Source: 2iQ Research
Analysing insider transaction activity at Dalata Hotel Group, we think the recent share price weakness has created a buying opportunity. We say this because in the last week we have observed purchases from four top-level directors, including CEO Patrick McCann, Deputy CEOs Stephen McNally and Dermot Crowley, and Chairman John Hennessy. All of these insiders are likely to have a good understanding of the company’s prospects, so we interpret their purchases as a bullish signal. With the company recently lifting its interim dividend by 17%, and four insiders buying shares, we think the stock looks attractive right now.

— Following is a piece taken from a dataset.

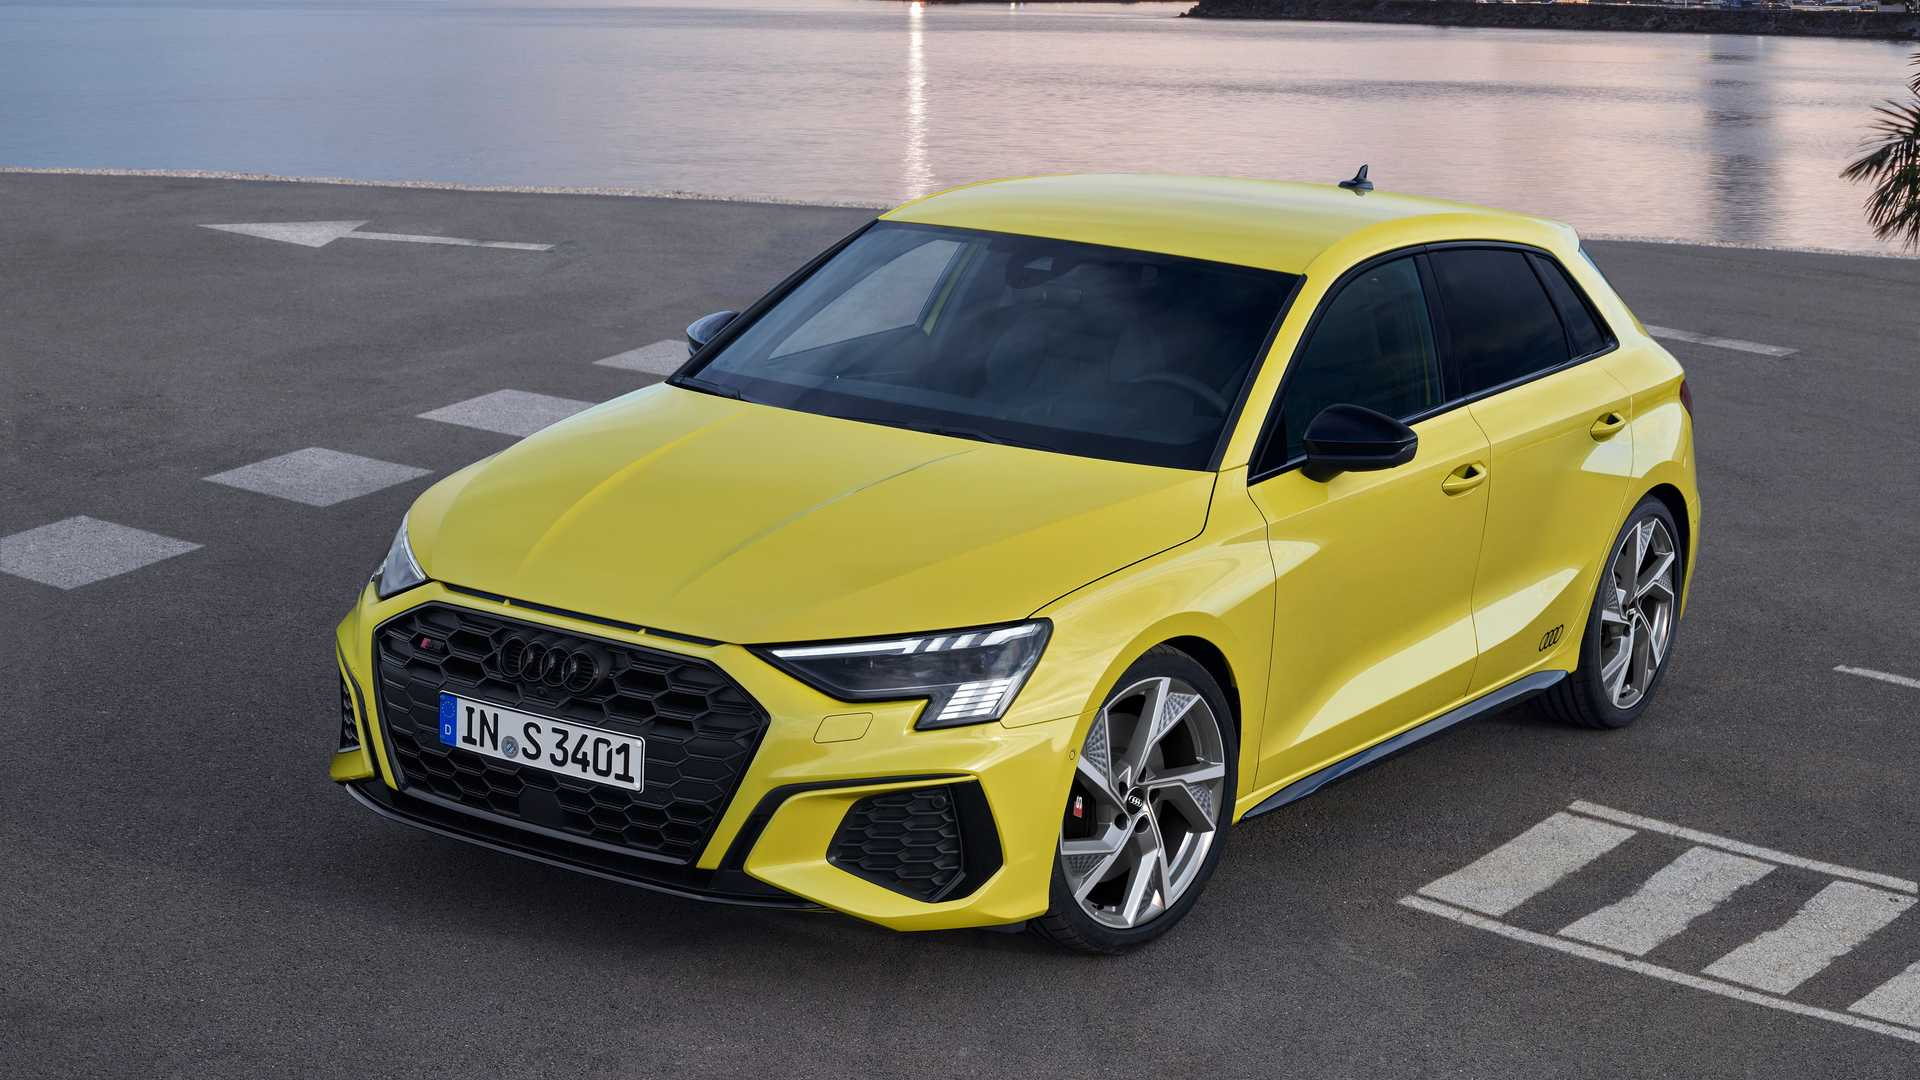 2021 Audi S3 Sportback And Sedan 306 HP 데이다주의 : 클리앙

Anglo Pacific Group plc (APF: LN)
12-month performance: +30% Insider activity: Bullish Buying pattern: Purchases from multiple directors including CEO, CFO and Chairman Recent news: Good half-year results
Anglo Pacific Group is a natural resources royalties company that owns a diverse portfolio of assets in low-risk jurisdictions. The only listed company in the UK that is focused on royalties connected with the mining of natural resources, its objective is to pay a substantial portion of the royalties it generates to shareholders as dividends. The stock is listed on the London Stock Exchange and currently has a market capitalisation of £348 million.
Anglo Pacific Group shares have risen 30% so far this year, boosted by a number of strong trading updates. Recently, the group advised that revenue for the first half of the year jumped 64%, while cash generated from operating activities increased 78%. The company also said that the strong results for the first half of the year should lead to a full-year dividend increase of at least 12.5%, subject to market conditions and global volatility.
Source: 2iQ Research
Looking at insider transaction activity, we think the stock has the potential to keep rising. We say this because since the start of September five directors have purchased shares in Anglo Pacific, which, in our view, is a bullish signal. Those buying have included CEO Julian Treger, CFO Kevin Flynn, and Chairman Nicolas Meier, who are all likely to strong insight into the group’s potential. With the company recently advising that the outlook for the remainder of the year remains positive, and multiple insiders buying shares, we think the outlook for the stock is favourable.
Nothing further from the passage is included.